Ross followed two years later, on 4 December 1892, and a third son, Colin,
was born in April 1895. As she had done for Keith, and would later for
Colin, Jessie gave her second son her birth name, christening him Ross
Macpherson Smith.
Ross spent the first decade of his life on the station at Mutooroo. He
had a bush upbringing surrounded by hard work and the hard men his
father employed. Horses played a prominent role in his childhood; Ross
learned to ride as a young boy, developing a great affection for the animals
and becoming skilled at handling them. With his brothers, he spent entire
days in the saddle, ranging far from the homestead and returning with
the kangaroos and rabbits they had shot. It was a toss-up as to who had
the better eye. By their father’s assessment, Colin may have been the best
marksman, but Ross and Keith were still ‘jolly good shots’. This upbringing
instilled in Ross a sense of independence, resourcefulness and initiative. ‘He
was always a determined boy,’ recalled his father. ‘When he made up his
mind to do a thing, he invariably succeeded.’17
Despite their isolation, Andrew and Jessie ensured that Ross and his
brothers had an education.

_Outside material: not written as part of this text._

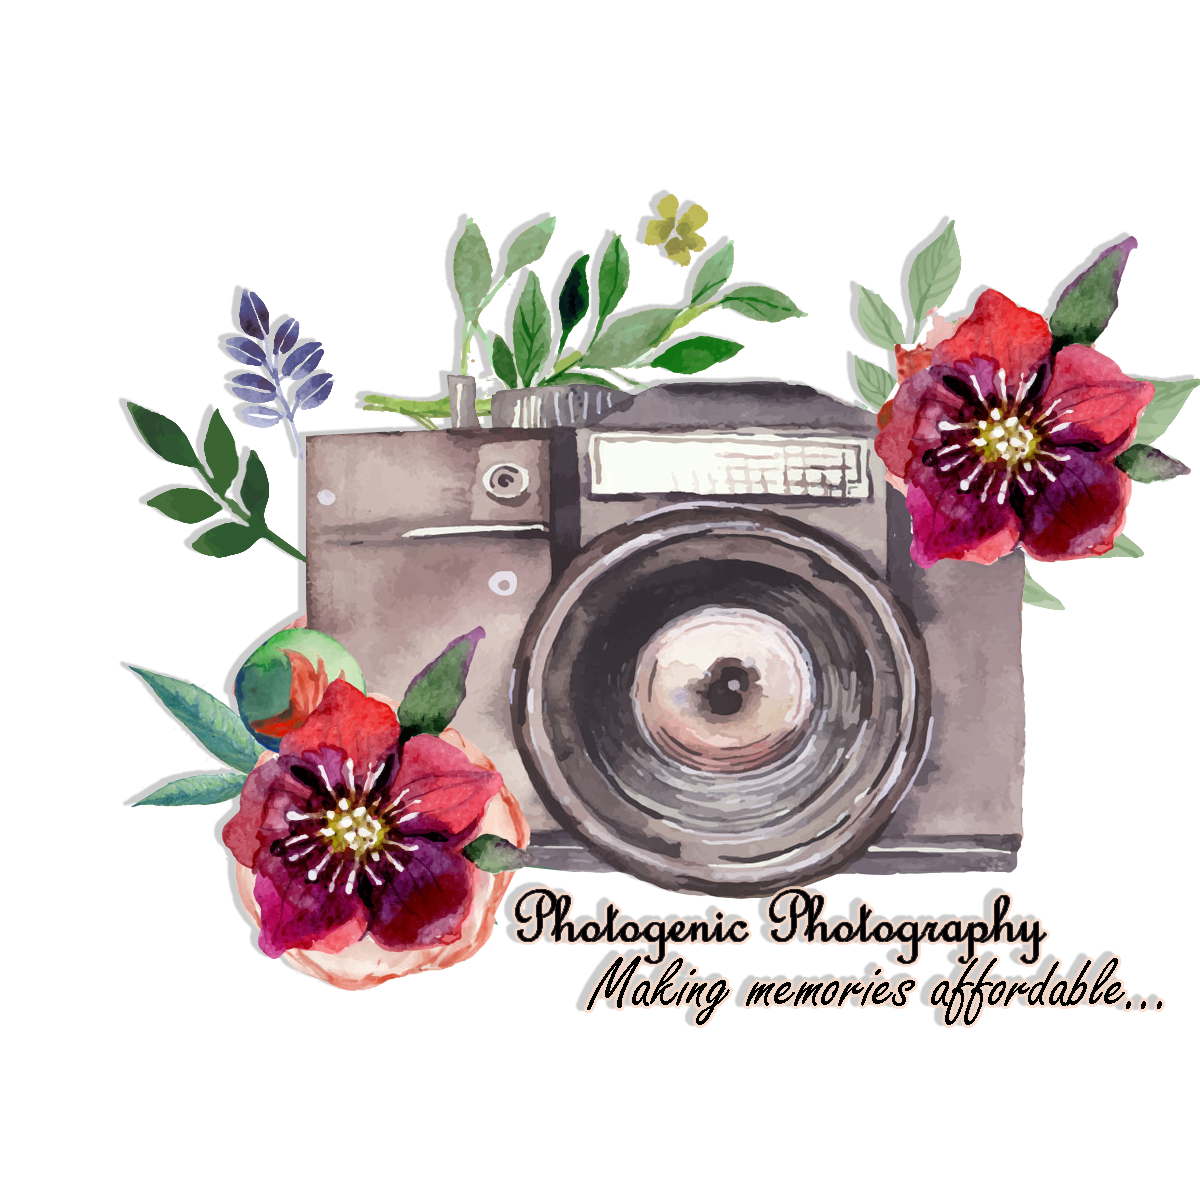 Photogenic Photography

The boys learned to read and write on the station
under the tutelage of Mutooroo’s bookkeeper and in 1902, shortly after
Ross’s ninth birthday, he and Keith started school in Adelaide as boarders.
For their sons, Jessie and Andrew chose the Queen’s School, a privately
run preparatory school situated among North Adelaide’s ‘gracious houses,
macadamised streets and attractive squares and parklands’.18 For young
Ross, it would have been difficult to imagine a setting more different from
the dusty, desolate plains on which he had spent his first decade.